2. Maximum Entropy Principle: Preliminaries and Fundamentals

When studying living systems from data, scientist are usually unable to access all of the relevant information that would be required to fully characterize the system of interest. This limitation seems not to be a mere technological issue, but rather an intrinsic characteristic of biology—at least in the foreseeable future. For example, it is unlikely to be able to simultaneously measure the firing patterns of each of the 10 11 neurons in the human brain, or quantify and classify all of the insects that live in the Amazonian rain-forest at a given time. Despite this limitation, it is usually possible to obtain accurate estimations of global properties from incomplete data, e.g., the average value of certain quantities of interest. Therefore, it is often relevant to find models consistent with this accurate—but partial—information.
An additional challenge is the fact that usually there are an infinite number of statistical models that are consistent with a given set of global properties measured from data. Therefore, one needs an additional criteria to decide which model to use. The MEP provides a rational basis to guide the model selection stage in these situations. The core of the MEP method is based on a constrained optimization problem of a concave functional—the Shannon entropy—resulting in a unique probability distribution that is consistent with the partial information at hand, being otherwise as “random” as possible.
In the rest of this section, we introduce the MEP from a broader perspective, i.e., as an inverse problem from statistical mechanics. After introducing the basic building blocks of this principle, we set the notation and fundamental ideas to unify the approach presented in the remaining sections.

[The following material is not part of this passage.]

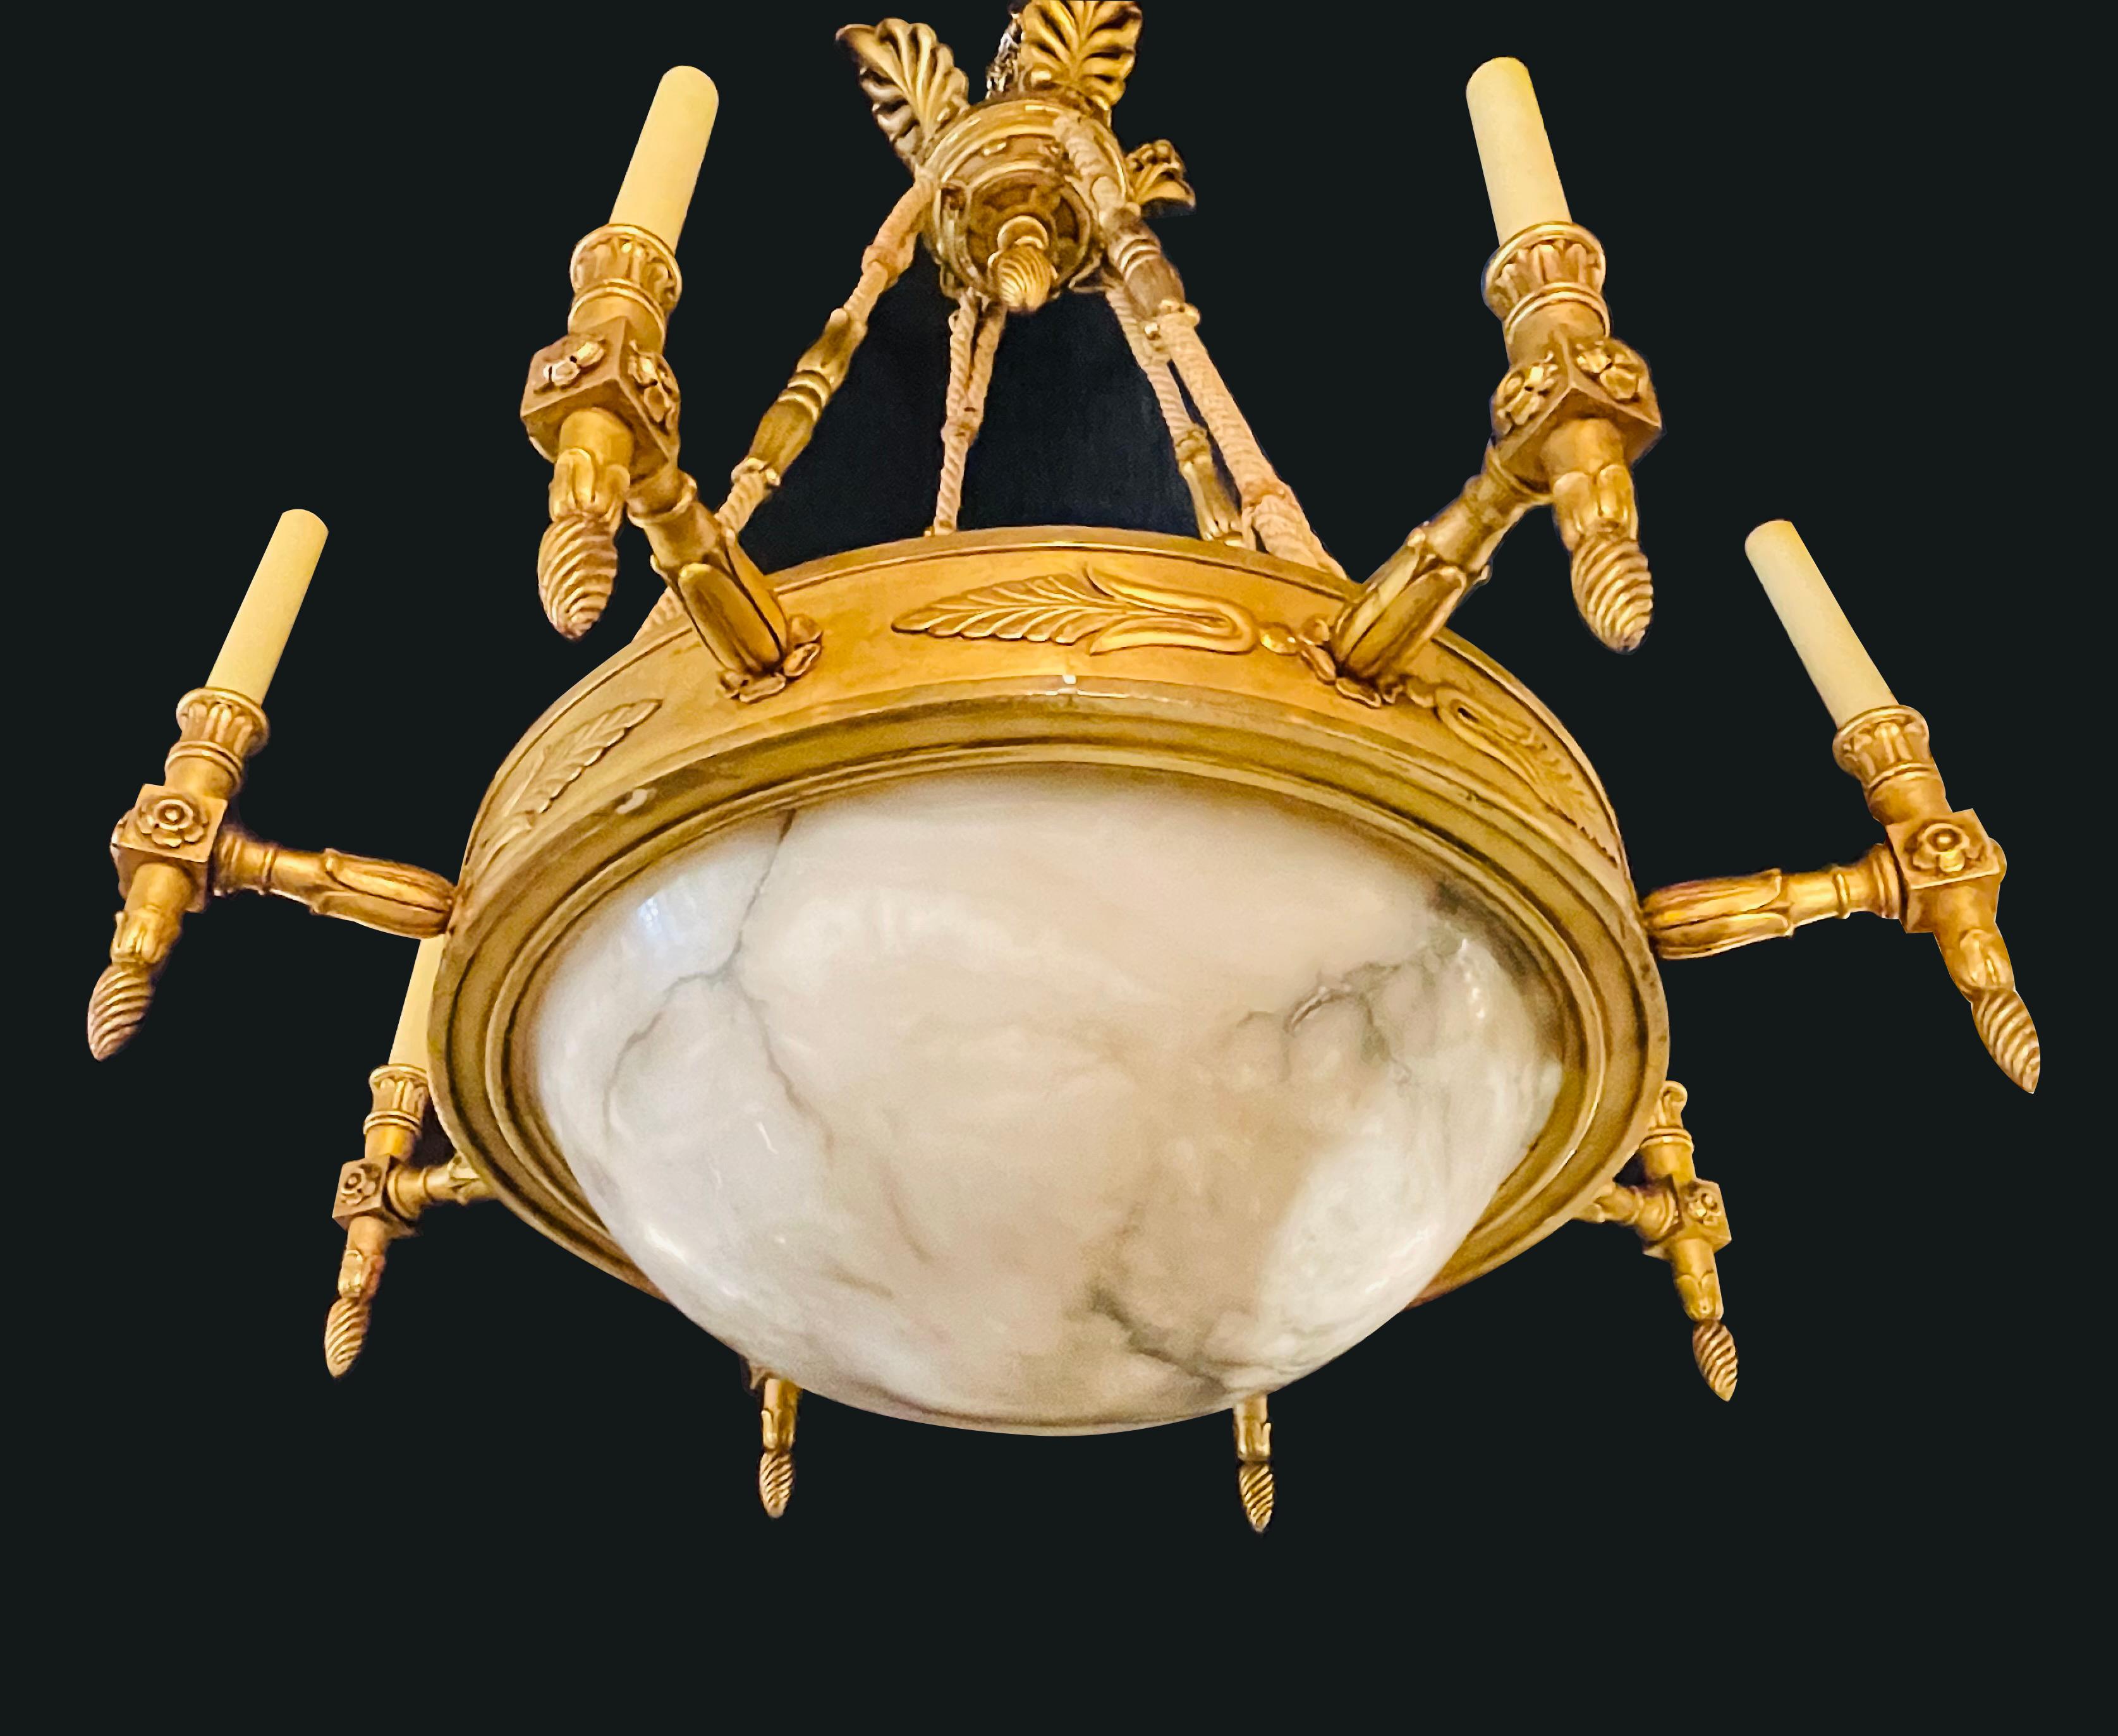 19th-20th century alabaster and giltwood chandelier. A stunning neoclassical chandelier having a large domed alabaster globe supported by a finely carved giltwood apron with eight giltwood carved candelabras lights. The whole suspended by rope and

2.1. Forward versus Inverse Problems

The idea of maximizing entropy has its origin in thermodynamics and statistical mechanics. In these branches of physics, there are two opposite approaches to build statistical models for characterizing the phenomena under study. One is to assume complete knowledge of the relevant mechanistic interactions that rule the constituents of the system, which is known as forward modeling. This approach provides a probabilistic model, which in turn determines values for the average of various observables of the system. The second approach works backward, hence it is called inverse modeling: one uses data to determine the average value of various observables, and then builds the “least structured” statistical model that is consistent with those values.

2.1.1. Forward Modeling

The primary goal of statistical physics is to derive observable quantities from microscopic laws governing the parts and interactions of a system. The standard way in which these ideas are introduced is through Hamiltonian models that describe the interactions of a system from first principles. This approach is often called “forward,” and the goal is to characterize observables representing collective phenomena such as spin magnetization, correlations, or to characterize phase transitions as a function of the physical parameters of the model.

2.1.2. Inverse Modeling

The inverse problem starts by taking average values of observables from data. The goal of this approach is to infer the parameters of a candidate Hamiltonian that defines the rules of local interactions, and in turn characterize the system using only data. Although some branches of biology have rich theories [31], there are other domains for which no mechanistic far-reaching accounts are available yet; in the latter cases, the MEP is usually among the best alternatives. Additionally, this approach can be used in any branch of biology that wants to “confirm” the parameters or interactions of a candidate Hamiltonian from data. Unfortunately, inverse problems are usually hard to solve; in particular, the application of the MEP to biological data usually relies on sophisticated numerical algorithms and computational power [4,16,17,32].

2.2. Maximum Entropy Principle: Definitions and Methods

The MEP is an inverse problem commonly employed in statistical mechanics, which has found applications in several other scenarios. This approach can reconstruct local rules of interaction from the data, without adopting specific mechanistic assumptions. While the MEP can take a very general form (see, e.g., [33]), this article focuses on the standard approach that focuses only on average values computed from data. In the next section, the basic building blocks of the MEP are explained, while introducing the notation that is used throughout the rest of the article.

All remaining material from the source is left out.